46 Pages Posted: 25 Aug 2023
Date Written: August 2022
The American system of rights is individualized – premised on the concept of singular, physically separate, and autonomous people. The rise of the fetal personhood movement complicates this basic understanding. If rights attach to singular, autonomous people, and fetuses are legally people, then the body of a pregnant person becomes conceptually unintelligible as it contains potentially two, interrelated people. Such a circumstance is fundamentally a contradiction within a framework that insists that rights attach to people who are, by definition, singular, separate and autonomous.

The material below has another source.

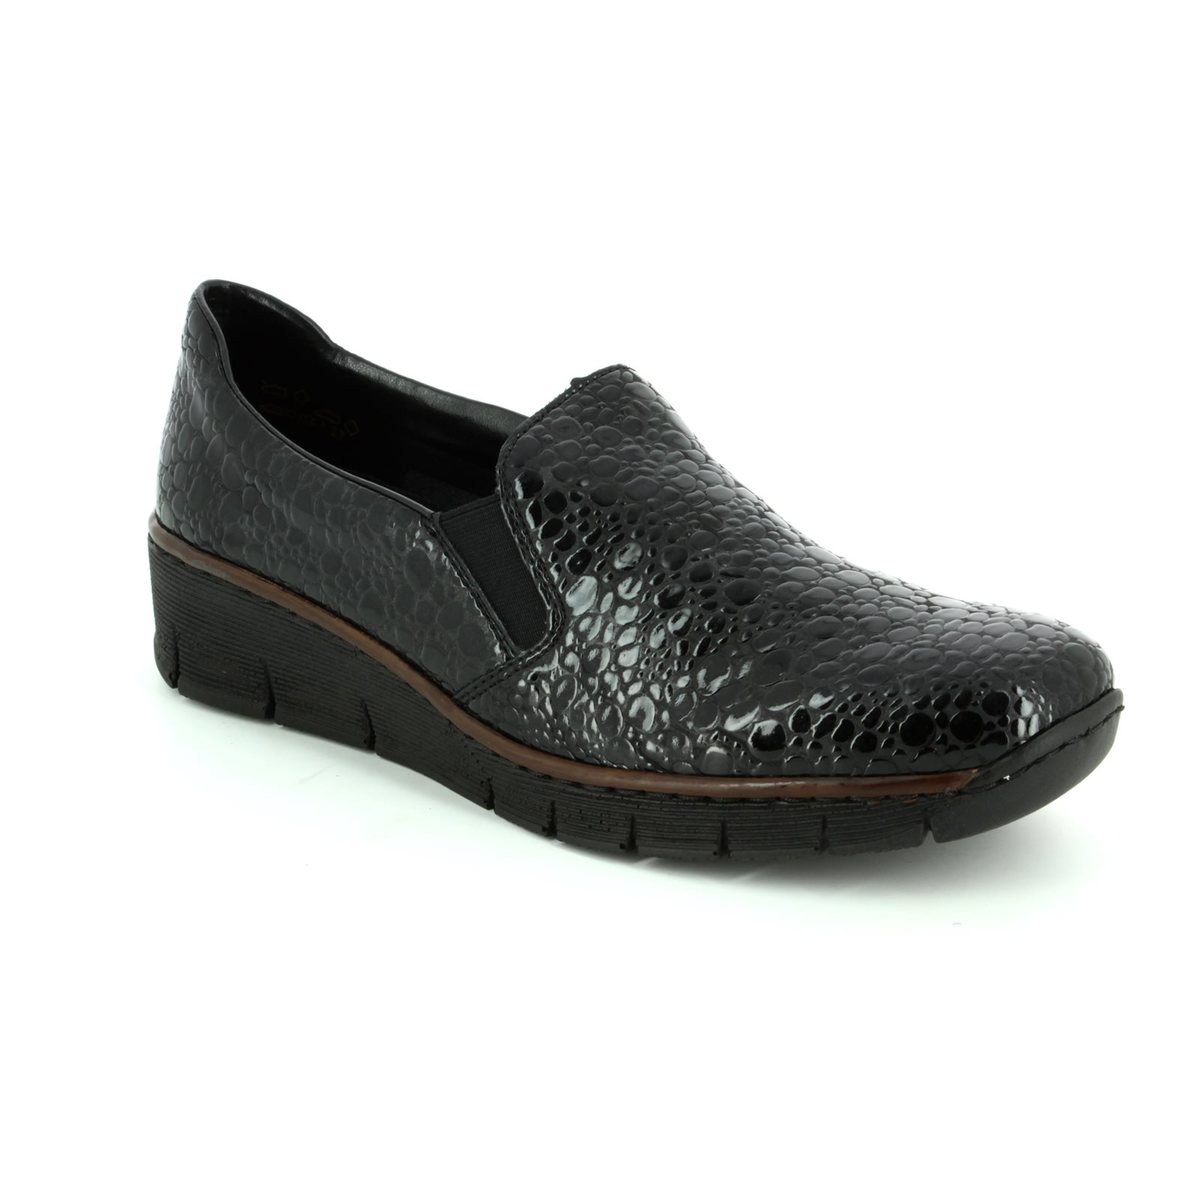 Rieker Bocciago Black Croc Womens Comfort Slip On Shoes 53766-45 In Size 36 In Plain Black Croc Effect

This Article argues that, as a result of this apparent contradiction, fetal personhood laws make the humanity of the pregnant person conceptually precarious. If the law has no framework for two rights holders in one body, then the pregnant person must be something else entirely. She becomes less of a subject and more of an object – a reproductive vessel, merely the container for another individual rights’ holder. Reproductive justice scholars and advocates have long argued that laws purporting to endow the fetus with personhood exacerbate the “maternal-fetal conflict” and undermine pregnant people’s rights. This Article argues, relying on both decades of feminist legal theory and original empirical evidence, that granting full personhood to a fetus has an even more insidious outcome – undermining the legal personhood of women entirely and recategorizing them in the eyes of the law as non-person objects. Looking across cultures and eras, it is unfortunately not difficult to ascertain what might happen when human beings are treated as objects. Such objectification results in almost certain abuse, sometimes of the most horrifying variety.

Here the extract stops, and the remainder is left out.